Aims: Entecavir (ETV) 0.5mg demonstrated superior virologic suppression compared to lamivudine (LVD) 100mg in study ETV-022. One hundred and eighty-three entecavir-treated patients from ETV-022 enrolled in rollover study ETV-901. We present efficacy and safety results in a cohort of patients from ETV studies -022 and -901 who received a total of 4 years of therapy with ETV.

Methods: The nucleoside-naïve HBeAg(+) 4-year cohort consists of ETV patients who completed ETV-022 and enrolled into ETV-901 with a treatment gap ≤35 days. In ETV-901, patients were treated with 1mg of ETV. The proportions of patients with HBV DNA < 300 copies/mL by PCR assay, ALT normalization, HBeAg loss or HBeAg seroconversion were evaluated among patients with available samples at week 192.

Results: The nucleoside-naïve HBeAg(+) 4-year ETV treatment cohort consists of 146 patients.
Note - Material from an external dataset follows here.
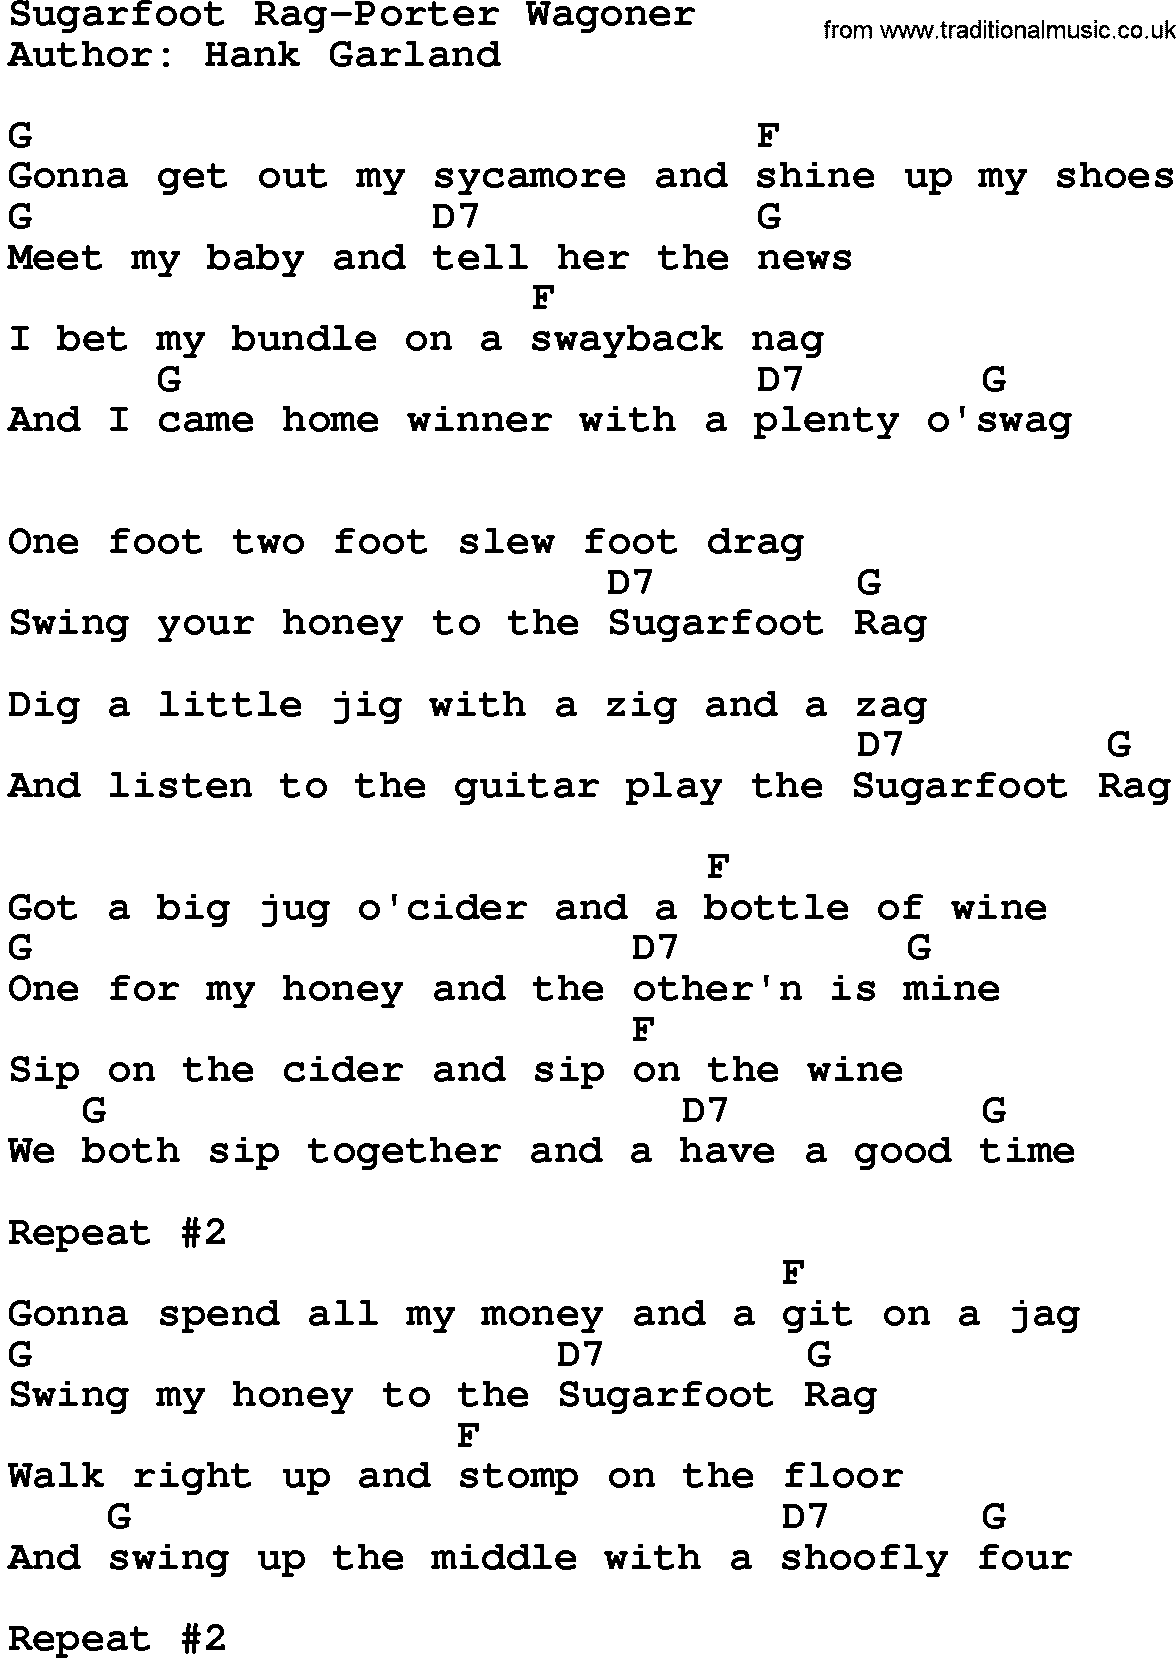 Country music song: Sugarfoot Rag-Porter Wagoner lyrics and chords

Efficacy parameters through 4 years of ETV therapy are presented below.

HBV DNA< 300 copies/mL, n (%): 98/108 (91)

ALT ≤1 x ULN – number (%): 96/112 (86)

HBeAg loss – number (%): 39/96 (41)

HBeAg seroconversion – number (%): 15/96 (16)

The safety profile of ETV was consistent with previously reported experience.
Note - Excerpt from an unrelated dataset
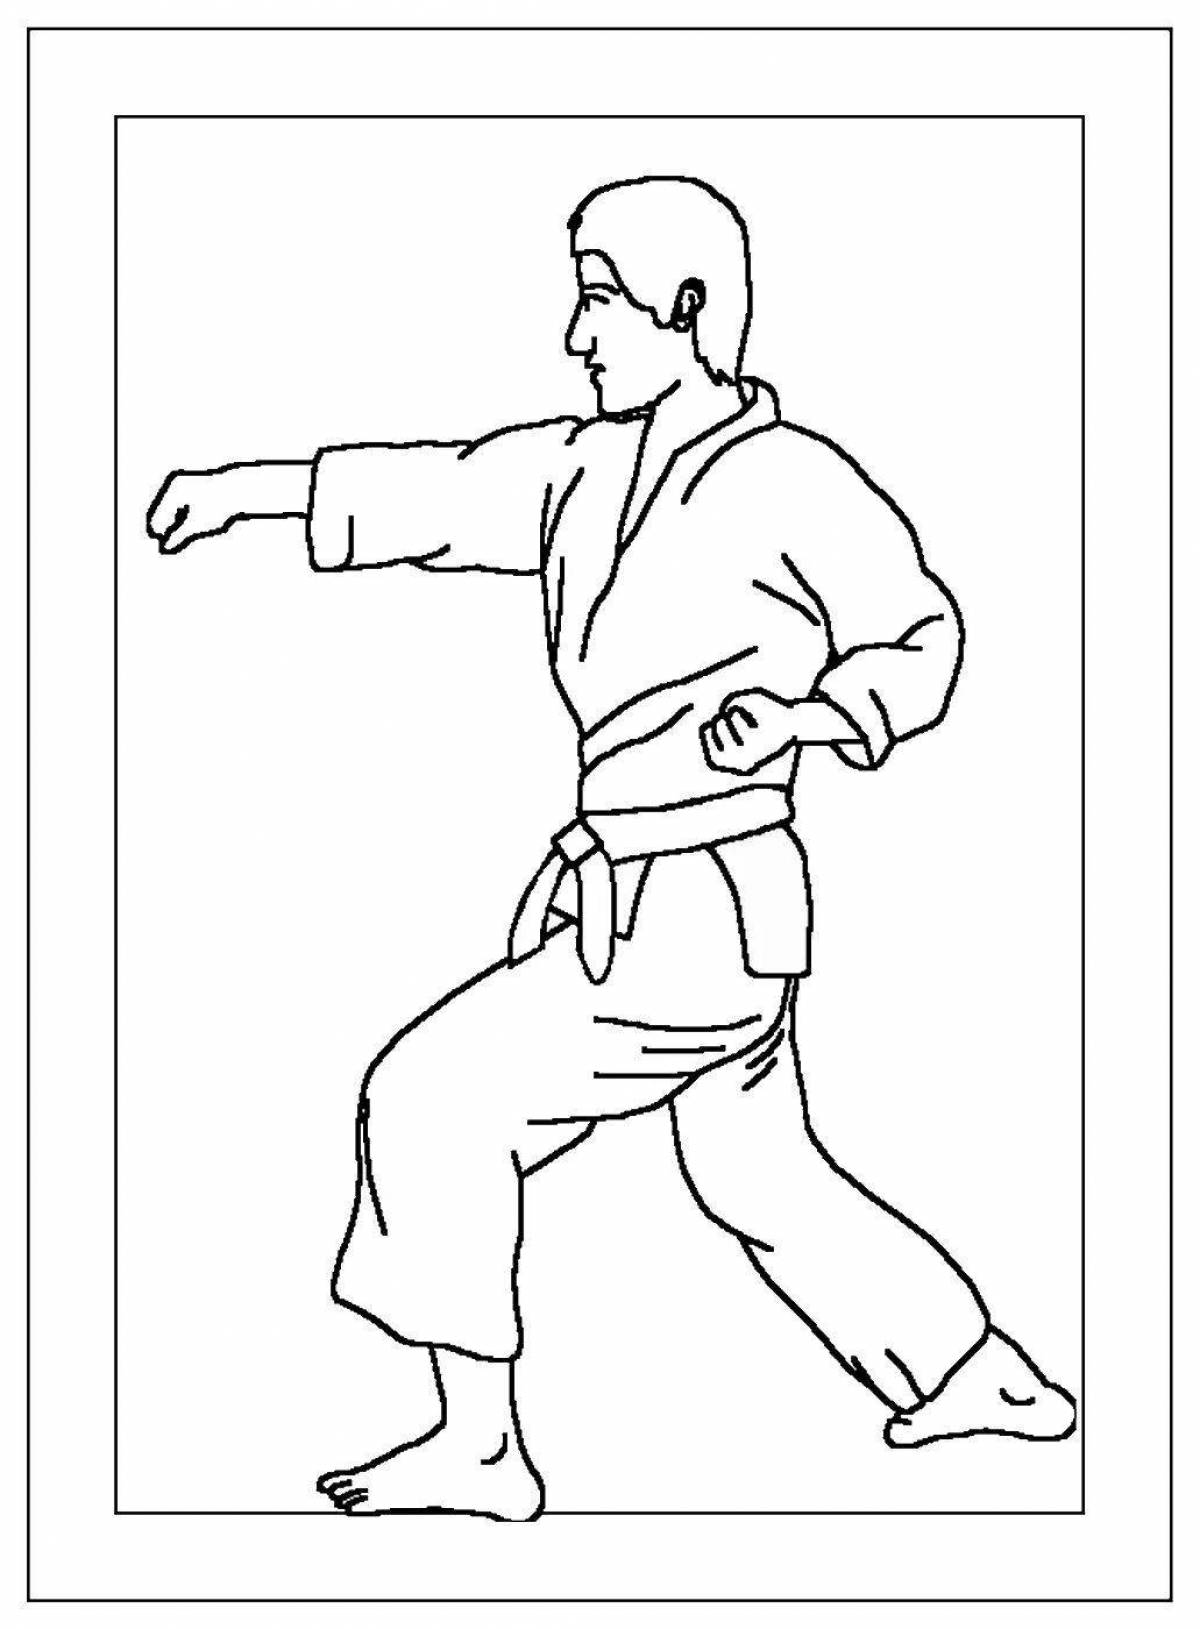 Involving judoka coloring book

Conclusions: At Wk 192, 91% of patients who received ETV treatment during 4 years achieved undetectable HBV-DNA and 86% had ALT normalization, with patients continuing to experience HBeAg loss and HBeAg seroconversion during Years 3 and 4. The safety profile was consistent with previously reported experience.